In the
Manuel Llorens section,
"A brief description of the algorithm," after staring at the charts & description of what the procedure basically is doing, my first impression was that it more or less is
increasing contrast about edges. So I played around a little to see what I could see:
- Opened an image in Photoshop.
- Duped the layer in Luminosity blending mode.
- Increased contrast heavily with Curves (just a quick & dirty dragging the endpoints inward).
- Added a layer mask to which I Applied Image, inverted, a Find Edges of the original image.
- Still on the layer mask, tried a Minimum to "choke" the selection, but didn't like the blocky result, so instead loaded the mask as a selection and did a Select > Modify > Contract > 1 pixel, inverted the selection, and deleted.
- (Usually I blur layer masks, but doing so of course produced USM-like halos in the final image, defeating the purpose, so I aborted — but that's OK; there already was enough smoothness in the mask, anyway.... Hey, isn't the USM overshoot in Manuel's graph just the Gaussian Blur component of USM in the first place?)
So I ended up with a subtly-sharper-appearing image — not as much as with the
Manuel Llorens algorithm, but I think my results were weaker at least partially because I didn't also include
"corrections for corners, diagonals and some other cases."I need to know in simple language what Manuel's manipulation does that my crude little exercise doesn't.

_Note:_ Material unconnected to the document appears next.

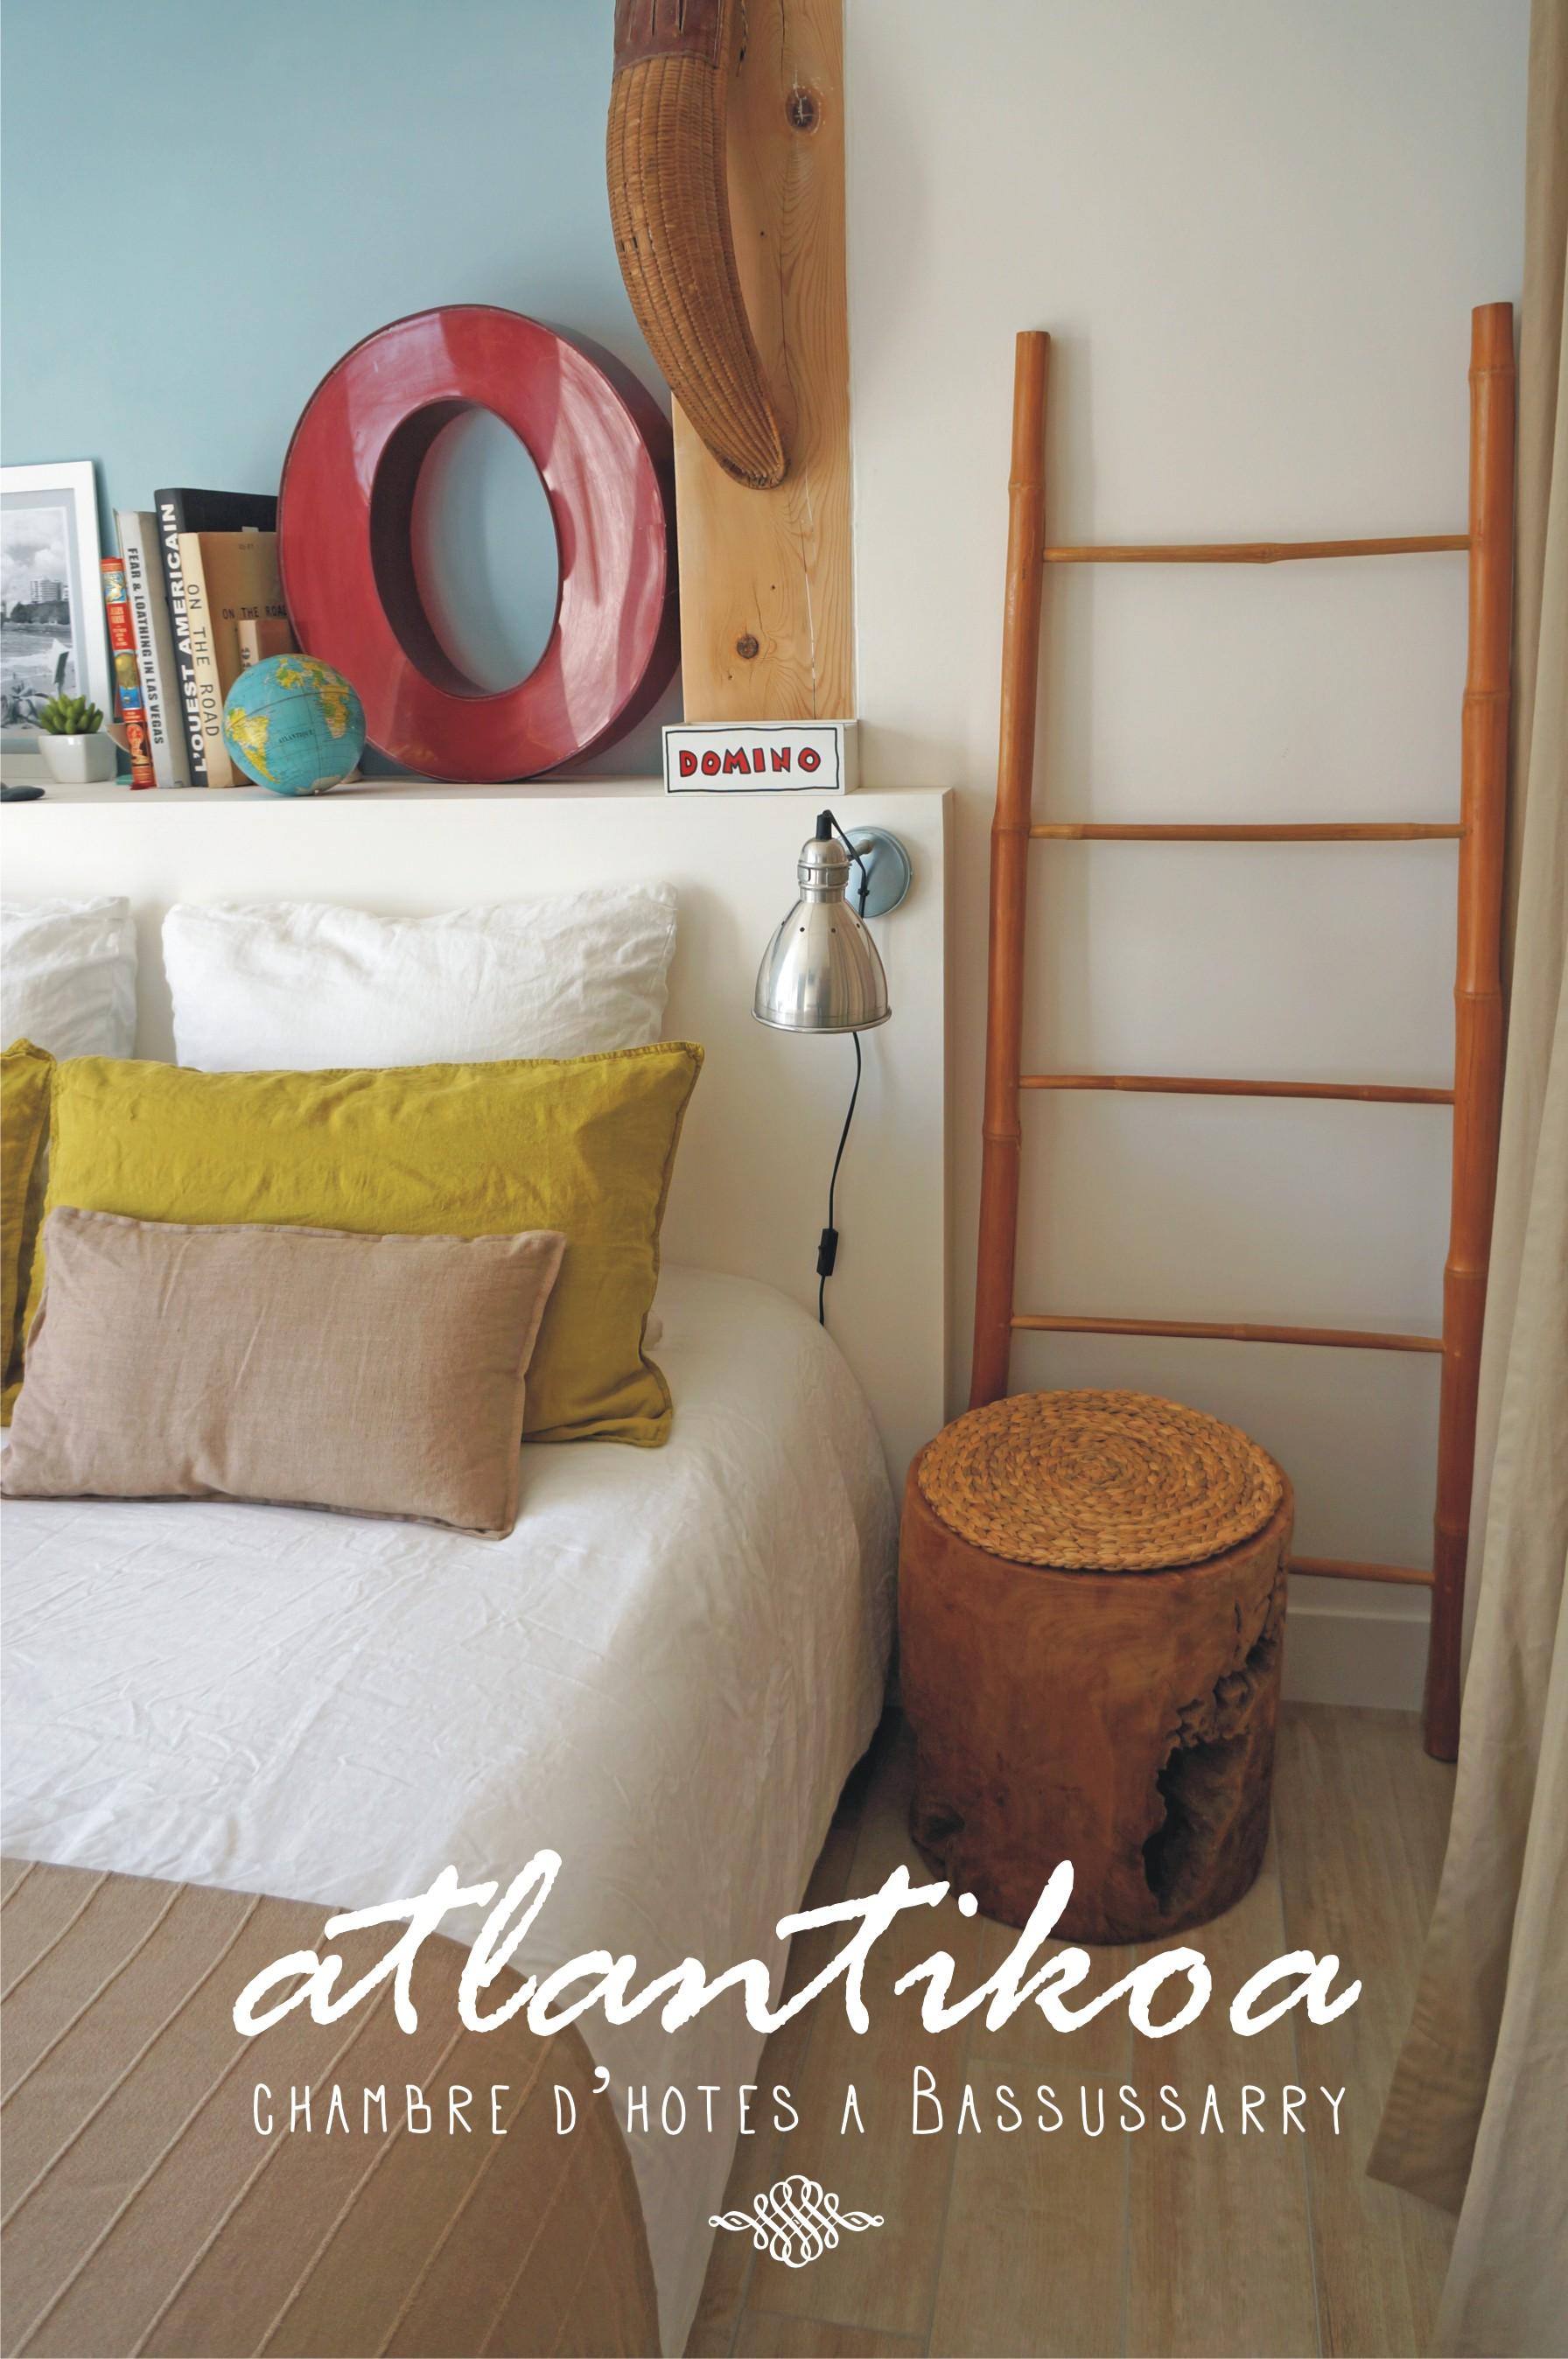 Cadeau chambre d h´te Pays Basque Biarritz – Atlantikoa chambre d

My only point is that altering each pixel within a gradient at an edge such that the
"pixel value will become more similar to the adjacent pixel with the lower gradient" just sounded to me a whole lot like increasing targeted contrast. In other words, what I'm missing is how, in the words of
Guillermo's opening paragraph,
"eliminating the soft gradient zone between two sides of differentiated brightness" is any different from
"[increasing] accutance by enhancing local contrast in the edges." I can't make a distinction in my mind, and that's what's tripping me up.
Memo: USM also shares the undesired property in the
Manuel Llorens procedure of sharpening already-strong edges more than soft edges, the reasons for which in USM are discussed in Bruce Fraser's sharpening book.